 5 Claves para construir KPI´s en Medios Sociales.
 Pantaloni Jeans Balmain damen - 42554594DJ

==

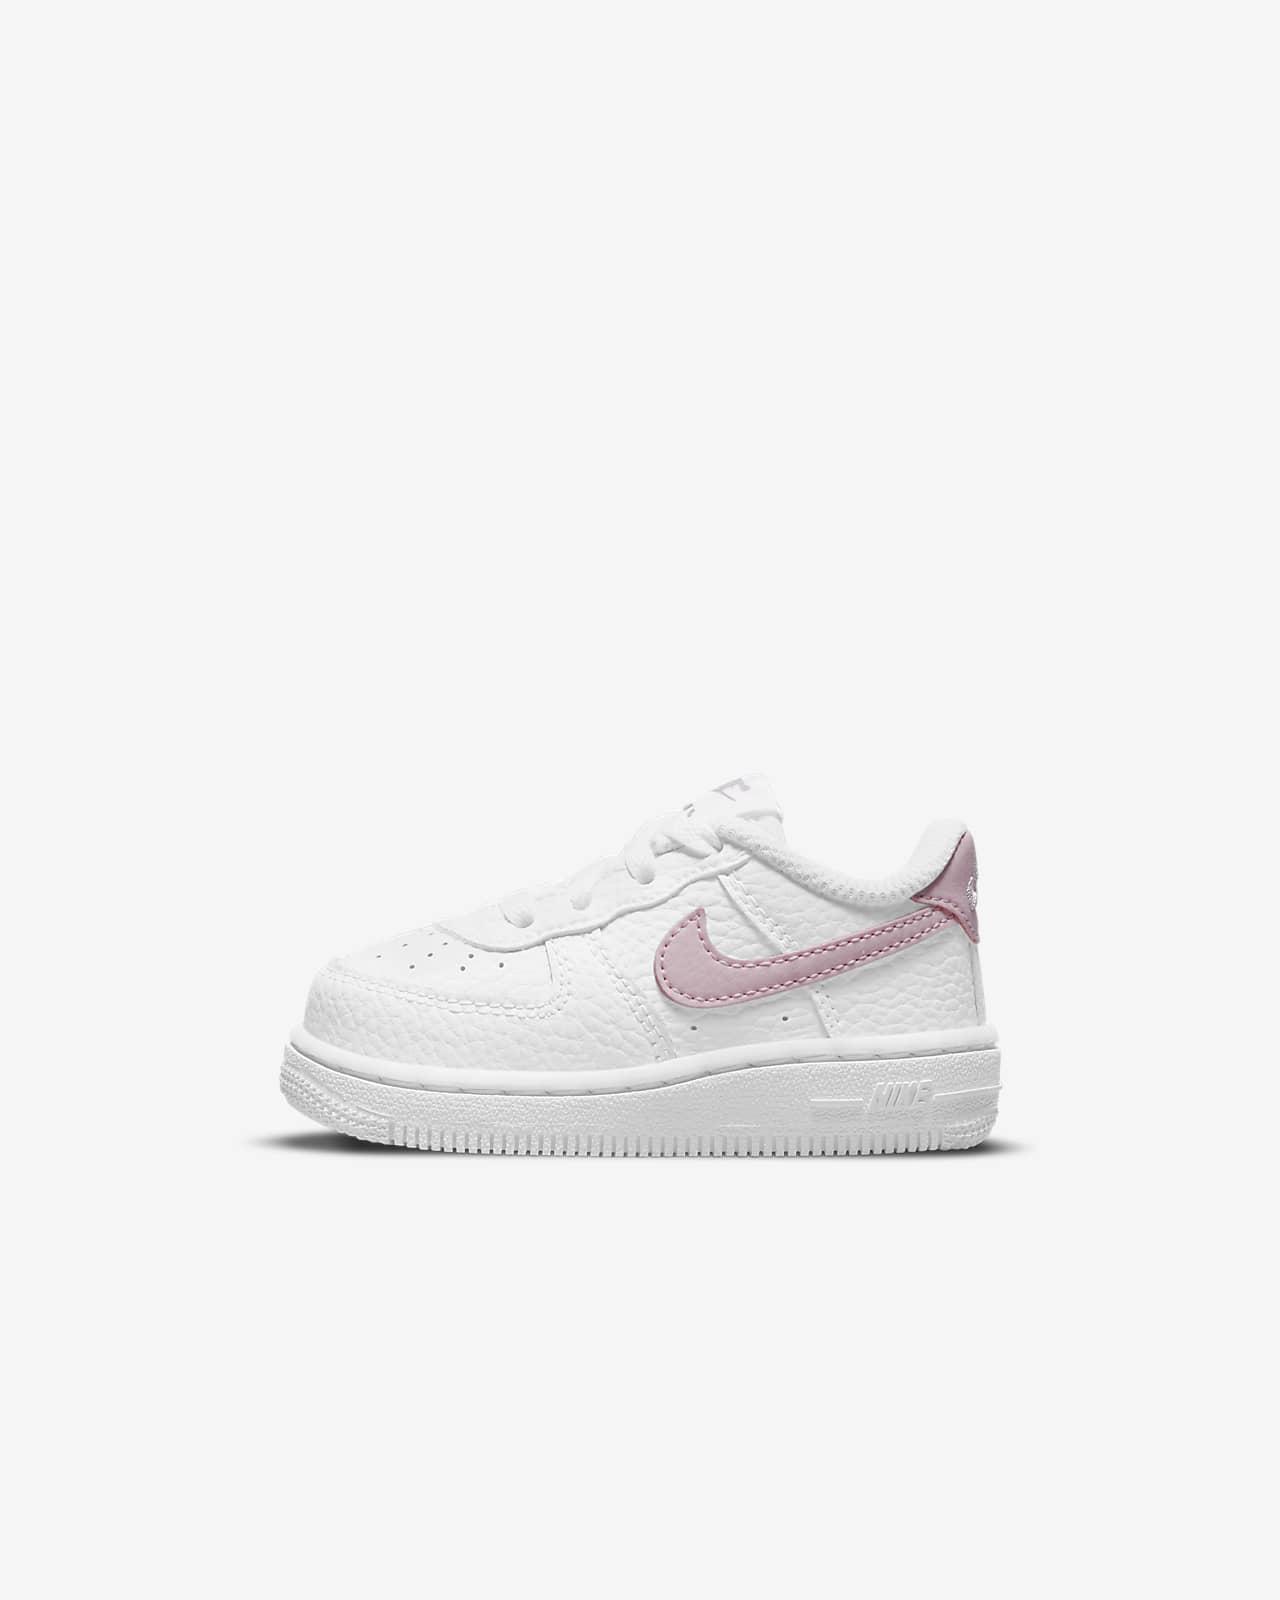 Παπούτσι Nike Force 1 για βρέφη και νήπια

...

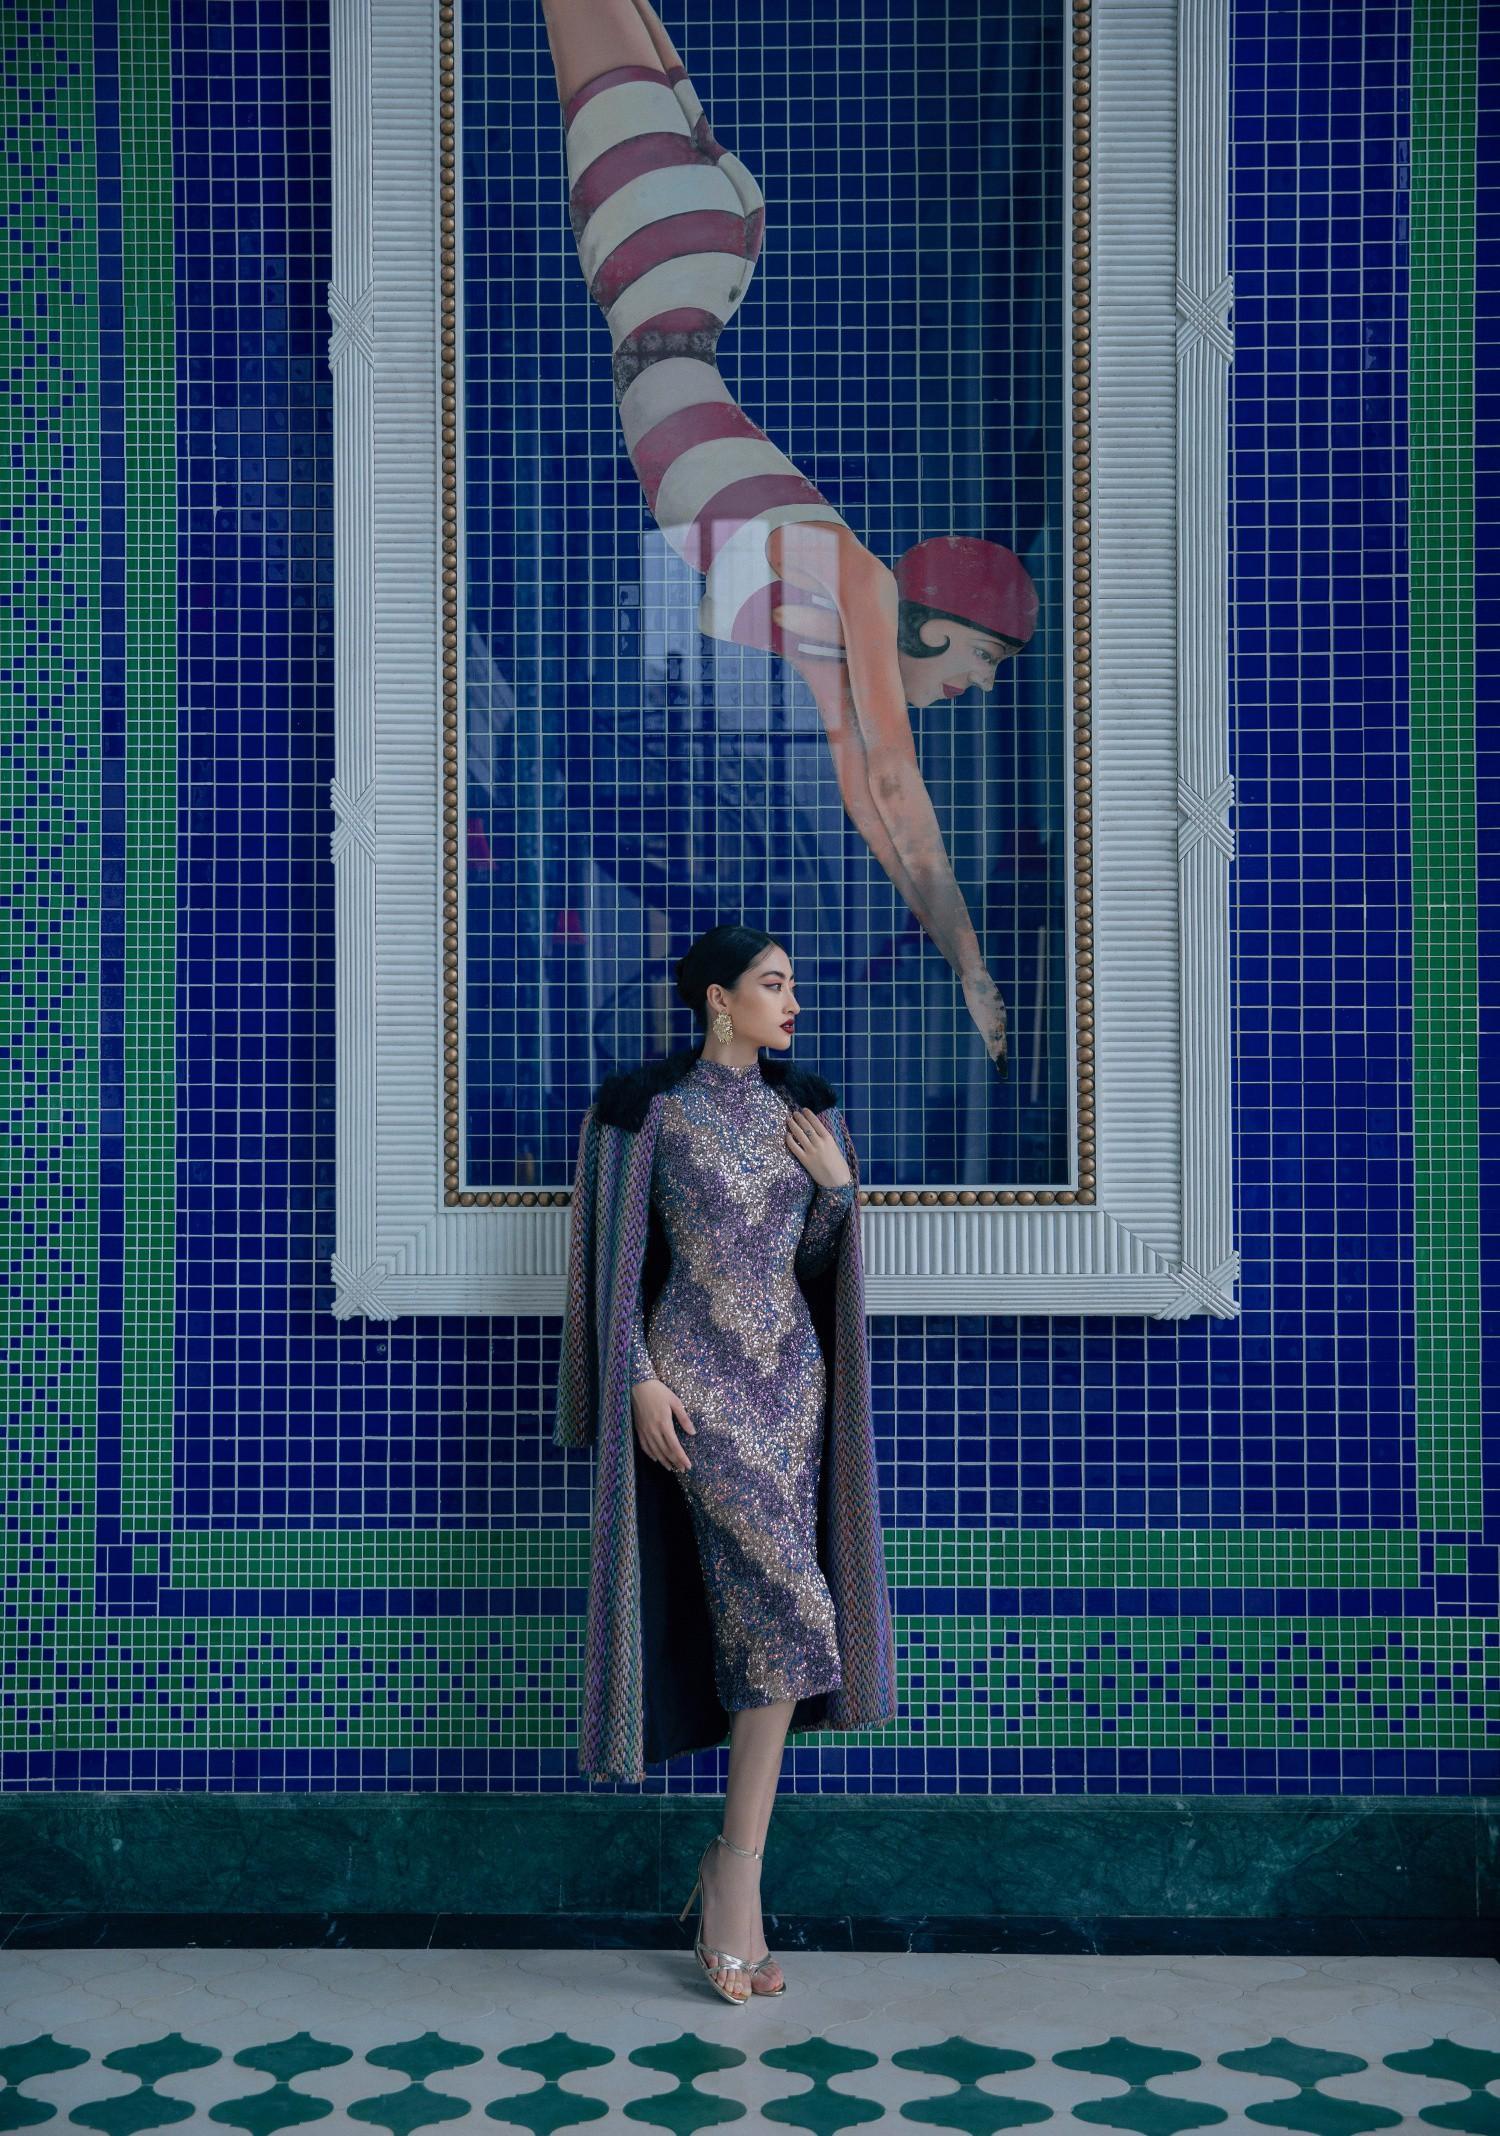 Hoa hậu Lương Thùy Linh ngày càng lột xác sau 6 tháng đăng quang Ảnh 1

Problem description
Look through the material above and print exactly the lines from the one containing "5 Claves para" to the one containing "Pantaloni Jeans Balmain damen - 42554594DJ", both included, and nothing more.

Answer area
 5 Claves para construir KPI´s en Medios Sociales.
 Pantaloni Jeans Balmain damen - 42554594DJ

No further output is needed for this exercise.